« Allah ti kouman », là où Dieu lui-même ne parle plus (2/3). Vivre à côté de Allah ti kouman est un supplice pour les riverains. En plus des nuisances sonores jusqu’au petit matin, les parents regrettent la dépravation des mœurs qui biberonnent leurs enfants dès le bas âge. La rafle de la gendarmerie a été un espoir de courte durée pour certains qui espéraient la fermeture des lieux.
Comme si elle nous attendait. Zalissa (nom d’emprunt), vendeuse de zoom-kom (jus à base de petit mil), lave son matériel de travail et s’apprête à quitter son lieu de commerce situé en bordure de la principale voie rouge qui traverse Sondogo à partir de la gare routière. « Nous disons un grand merci à la gendarmerie qui est venue. Nous souhaitons même qu’elle multiplie ce genre d’actions dans le quartier », s’empresse la commerçante, quand nous lui demandons son avis sur la descente des forces de l’ordre dans le quartier, il y a quelques semaines.

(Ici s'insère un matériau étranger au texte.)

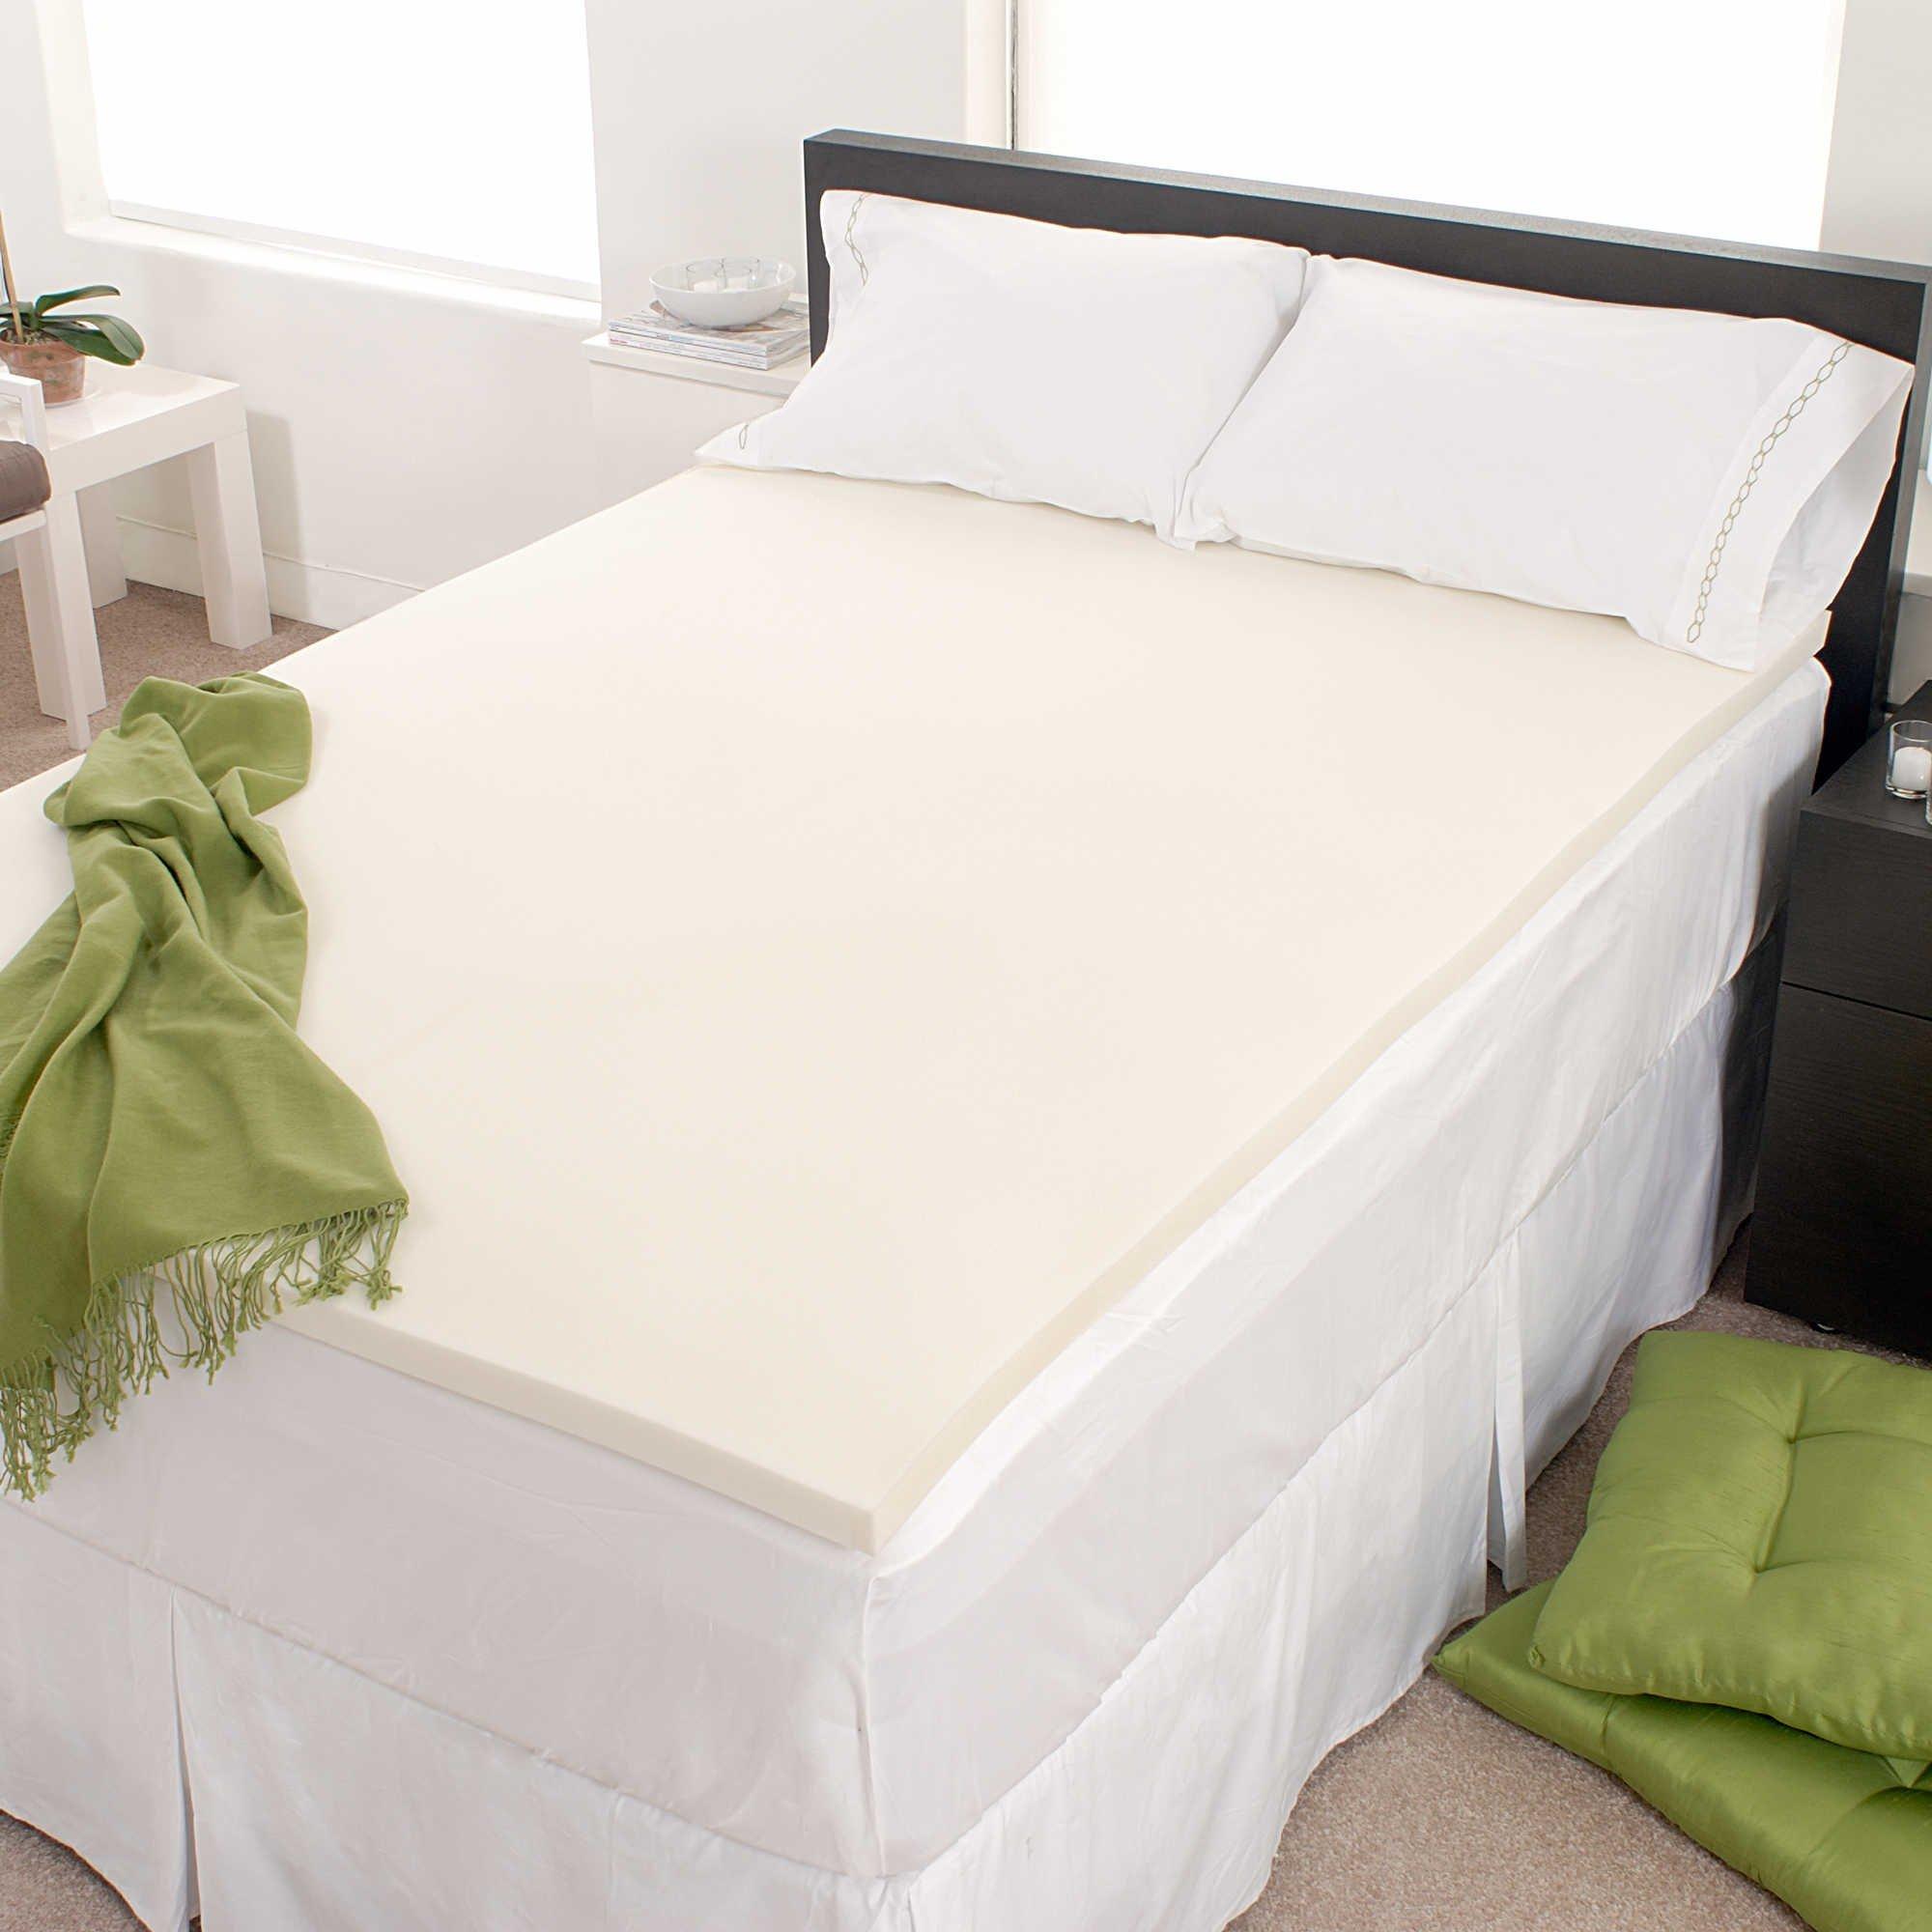 FoamRush 1'' Thick King Size Memory Foam Pad Mattress Topper Made in USA

Mais pourquoi un tel souhait ? Relançons-nous. Et Zalissa d’embrayer : « La nuit, nous n’arrivons pas à dormir. Jusqu’ici au bord de la route, c’est du bruit. Les clients boivent ou sont sous l’emprise d’autres produits. Ça crie, ça court, ça fait la vitesse quand ce ne sont pas des voleurs qu’on poursuit. Pendant une semaine, on peut ne pas fermer l’œil. C’est un lieu de vente et de consommation de drogue », poursuit la commerçante. Excessive ou pas ? Difficile de confirmer ses propos sur la présence de drogue à Allah ti kouman. Par contre, les autres griefs sont partagés par plusieurs riverains.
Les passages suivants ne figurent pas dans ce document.